The versatile and modular nanolithography tool

  • Product Description

  • The NanoFrazor is a groundbreaking commercial system for Thermal Scanning Probe Lithography (t-SPL), designed to enable advanced research and innovation across diverse applications. Whether exploring quantum devices, 1D/2D materials, quantum dots, Josephson junctions, or nanoscale device arrays, the NanoFrazor provides unparalleled precision and versatility. Its capabilities extend to complex challenges, including grayscale photonics, nanofluidic structures, biomimetic substrates for cell growth, and local material modification through heat-driven chemical reactions or physical phase changes.

    Key Features

    • High Resolution Nanopatterning: At the heart of the NanoFrazor lies an ultra-sharp, heatable probe tip that enables simultaneous writing and inspection of complex nanostructures. Self-correcting patterning is powered through the Closed-Loop Lithography (CLL) capability. This innovative design delivers unmatched precision for creating intricate patterns and structures.
    • Direct Laser Sublimation (DLS) Module: The DLS module streamlines fabrication by allowing nano- and micro-structures to be written efficiently into the same resist layer in a single step. This integration simplifies workflows and enhances productivity.
    • In-Situ Imaging with Markerless Overlay: The NanoFrazor’s in-situ imaging technology introduces markerless overlay and real-time comparison of written and target patterns. This unique Closed-Loop Lithography (CLL) capability ensures sub-2 nm vertical precision for creating complex 2.5D (grayscale) shapes and allows immediate parameter adjustments during the writing process.
    • Parallel Writing with 10 Tips: The Decapede feature enables parallel writing with 10 heatable tips, significantly increasing throughput while maintaining the NanoFrazor’s renowned precision. This capability is ideal for large-area patterning and time-sensitive applications.
    • Modular and Upgradable Design: The NanoFrazor’s modular platform allows for extensive customization to meet specific research needs and laboratory environments. Patterning modes, housing options, and software modules can be tailored for maximum flexibility and functionality. As research evolves, the NanoFrazor can be upgraded with additional modules, ensuring its long-term adaptability.
    • Comprehensive Process Support: With over 20 years of research and development at IBM Research Zürich and Heidelberg Instruments Nano, the NanoFrazor user community benefits from continual advancements in hardware and software. Users gain access to a comprehensive library of best practices and protocols for pattern transfer processes like etching and lift-off, ensuring optimal results for various applications.

    Applications

    • Quantum Devices: Create precise nanostructures for quantum computing and advanced electronic applications.
    • 1D/2D Materials: Pattern and modify nanostructures on graphene, transition metal dichalcogenides, and other 2D materials.
    • Photonics: Achieve sub-2 nm vertical precision for grayscale shapes like sinewave gratings and phase plates in optical systems.
    • Biotechnology: Develop biomimetic substrates for cell growth and create nanofluidic structures for biological and chemical analysis.
    • Local Material Modification: Enable localized heat-driven processes such as chemical reactions and phase changes for innovative research in material science.
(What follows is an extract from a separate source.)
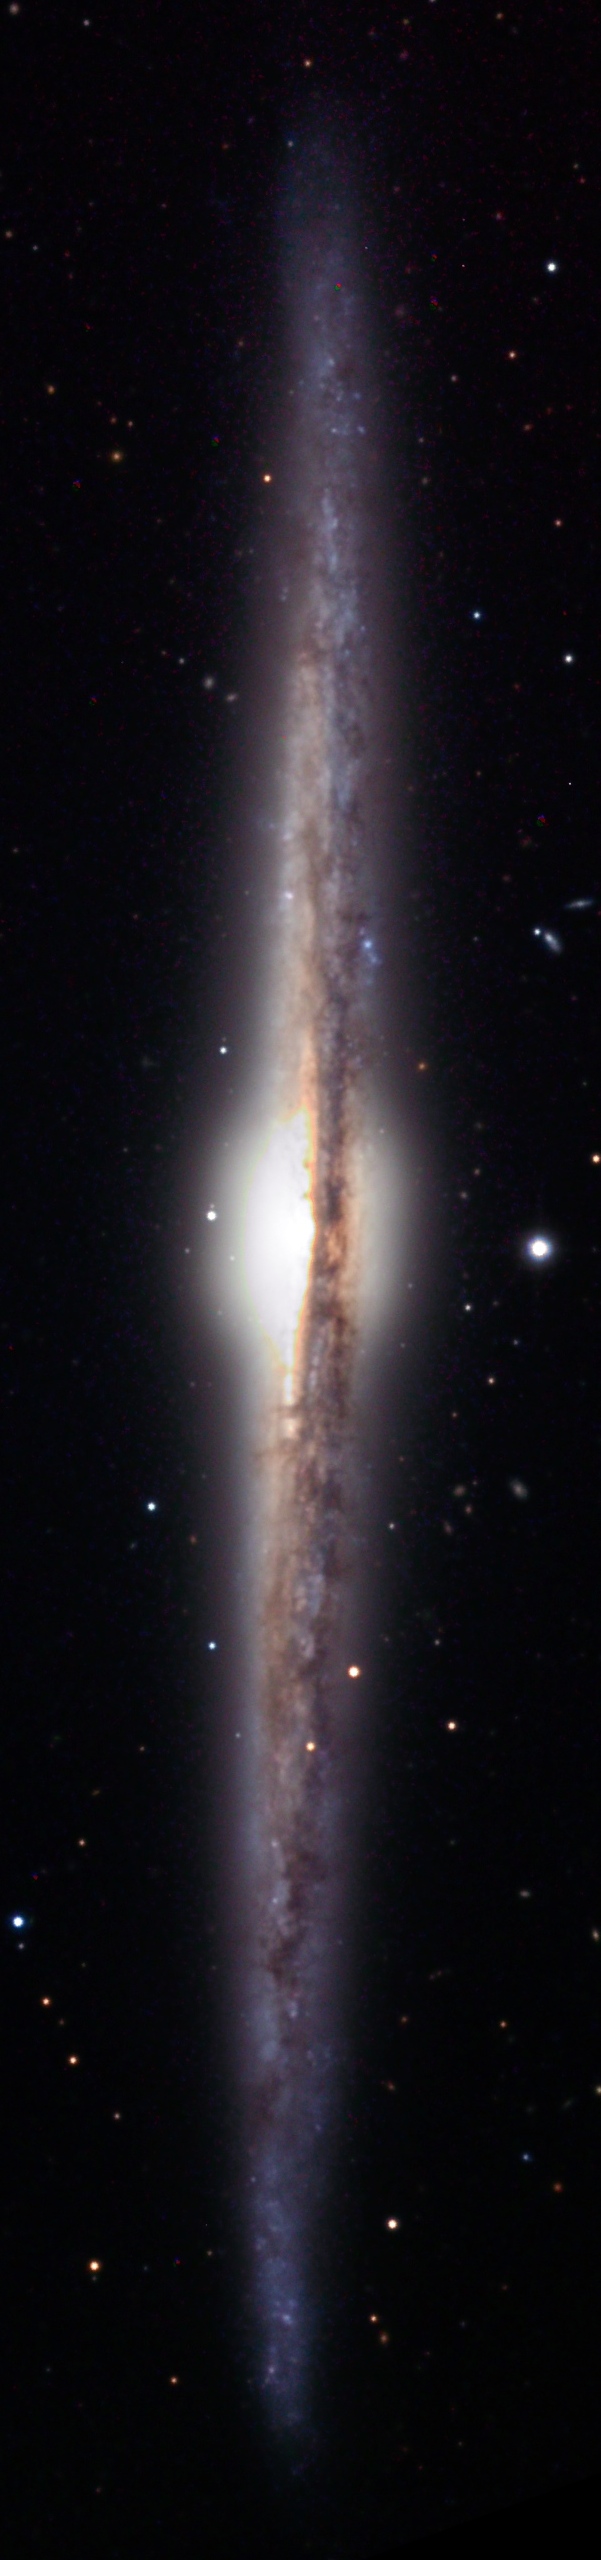 NGC 4565 by Joseph D. Schulman

    The NanoFrazor revolutionizes nanofabrication by making sophisticated Thermal Scanning Probe Lithography accessible to researchers and technologists worldwide. Its cutting-edge features, modular design, and extensive application range position it as an indispensable tool for groundbreaking research and technological advancements.

    To further explore the NanoFrazor, visit our dedicated website at nanofrazor.com. Configure your system and discover how the NanoFrazor can elevate your research to new heights.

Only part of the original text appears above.